PALU, beritapalu | Bulan bersinar terang, cahayanya merefleksi lembut pada permukaan kolam air mancur yang terus memuncrat ke atas. Di bawah tiang bendera yang menjulang tegak di halaman kantor DPRD Sulawesi Tengah, panggung sederhana telah tertata. Sabtu malam, 2 Agustus 2025, bukan malam biasa bagi para seniman dan budayawan Kota Palu.

“Belo rapovia, belo rakava!” pekik Wiwik Jumatul Rofi’ah, anggota DPRD Sulteng, saat mendeklamasikan puisinya dengan penuh semangat. Suaranya memecah keheningan malam, mengalir bersama cahaya bulan yang seolah memberikan restu atas parade puisi yang tengah berlangsung dalam rangka memperingati Hari Puisi Nasional.

Panggung Rakyat di Halaman Wakil Rakyat

Di tempat yang biasanya menjadi ruang formal bagi para wakil rakyat, malam itu berubah menjadi arena ekspresi bebas. Halaman kantor DPRD Sulteng disulap menjadi panggung terbuka tempat puluhan seniman dan budayawan menumpahkan isi hati mereka melalui lantunan puisi.

Tidak hanya Wiwik yang tampil memukau. Deretan nama-nama besar dunia seni dan budaya Sulawesi Tengah juga tak kalah menggelar saat memukulkan puisinya di panggung sederhana itu. Syuaib Djafar, mantan Kepala Dinas Pariwisata Sulteng, tampil dengan gayanya yang khas. Arifin Sunusi, budayawan sekaligus mantan anggota DPRD Kota Palu, membawakan puisi dengan penghayatan mendalam. Sesepuh budayawan Masama Amin Syam, Dili, Erfan, dan puluhan seniman lainnya silih berganti naik ke panggung.
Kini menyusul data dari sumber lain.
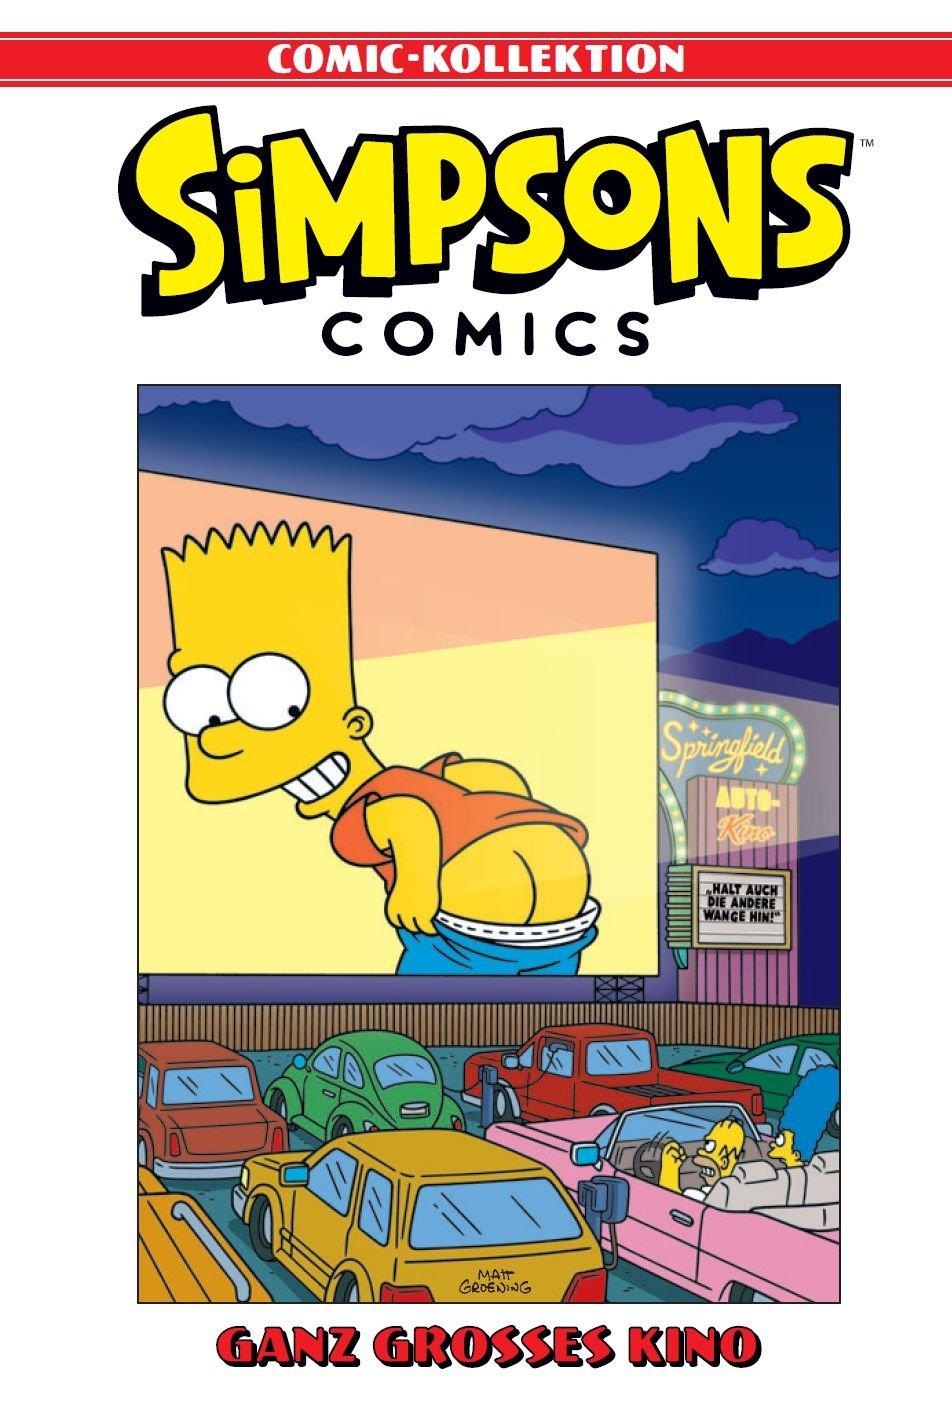 Simpsons Comic Kollektion  Bd. 9  Ganz Großes Kino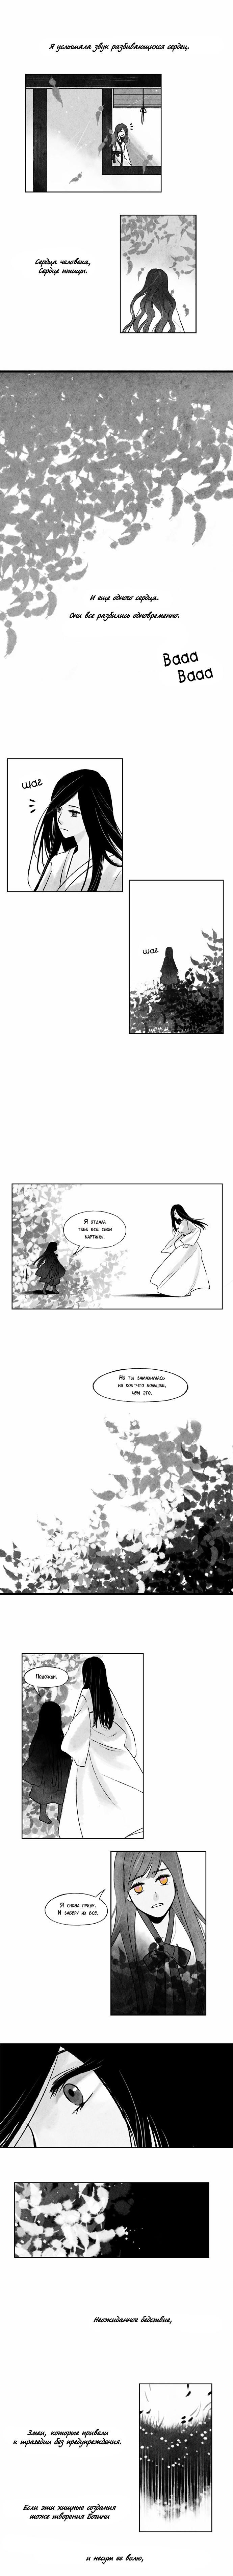 https://r1.ninemanga.com/comics/pic2/39/22503/416369/1532884233353.jpg Page 2

Malam itu benar-benar malam yang berbeda. Atmosfer formal kantor perwakilan rakyat berubah menjadi ruang intimat tempat para seniman berbagi rasa dan pikiran mereka yang paling dalam.

BACA JUGA:  Berkinerja Terbaik, Kota Palu Raih TPID Award 2024

Spontanitas dalam Keindahan

Emhan Saja, seniman yang diberi tanggung jawab oleh Forum Seniman dan Budayawan Sulteng untuk merepresentasikan acara tersebut, mengungkapkan bahwa parade ini digelar menyahuti permintaan para seniman dan budayawan untuk sesekali memparadekan puisi.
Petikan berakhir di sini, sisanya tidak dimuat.